To the Marcos regime is attributed some 900 massacres,perpetrated by military and paramilitary forces, primarily to instill fear on communities or groups raising a voice of protest against certain issues or policies, or against the regime’s growing abuses.
In 1981, six massacres were recordedby the Task Force Detainees of the Philippines, three taking place against people taking collective protest actions: in Guinayangan, Quezon (2 killed on February 1), in Daet, Camarines Norte (4 killed on June 14) and in Culasi, Antique (5 killed on December 19).
The municipality of Culasi lies 92 kilometers north of the provincial capital, San Jose de Buenavista. From a thin coastal strip that faces Sulu Sea, the land rises to form the foothills of the majestic Mount Madyaas. One-fourth of Culasi’s barangays live on these foothills. Kinaray-a is the language spoken. Most residents fish and farm, mostly growing palay, corn, abaca, coffee, cacao and coconuts. As in most rural areas in the country, the people are poor, eking out various livelihoods for survival.

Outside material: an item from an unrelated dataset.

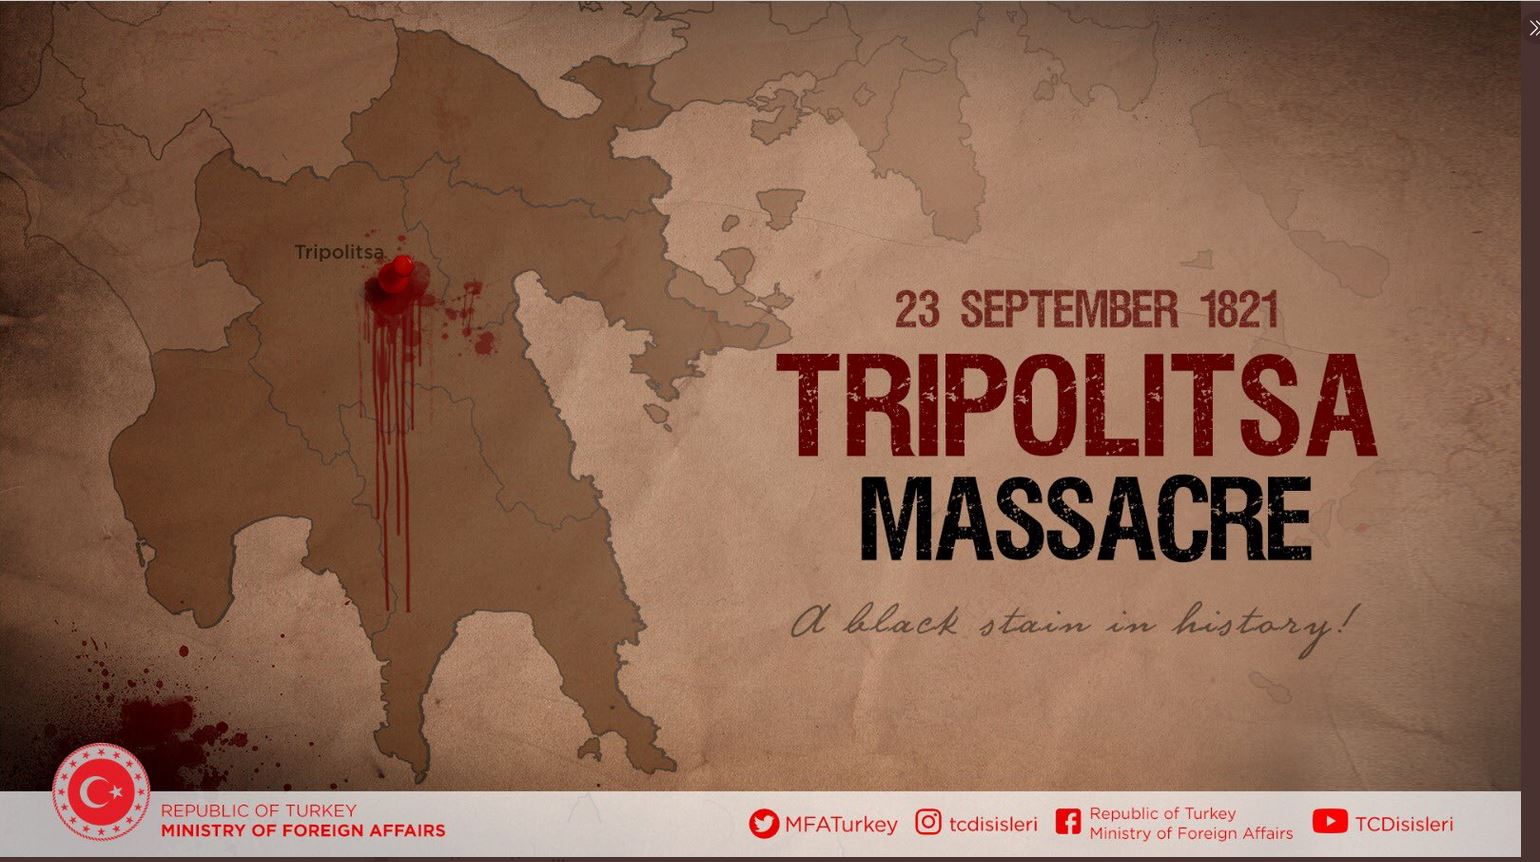 Τουρκικό ΥΠΕΞ - Χαρακτηρίζει «σφαγή των Τούρκων» την Απελευθέρωση της Τριπολιτσάς το 1821 - Δημοσίευσε «ματωμένο» χάρτη

Life in Culasi seemed slow in 1981. It still had no electricity and only a few stores. But new disturbing things were happening. A curfew prevented people from leaving their homes after dark. The people were uneasy with the increased presence of Constabulary men in the villages. No abuse had been recorded but they had heard how soldiers in other areas stole chickens, burned houses or drove people out of their homes.
Activists, mostly students who had left the universities to work against the dictatorship, were living in these villages, trying to organize residents to resist the dictatorship. Small teams from the New People’s Army (NPA)were also doing political work and taking in local recruits.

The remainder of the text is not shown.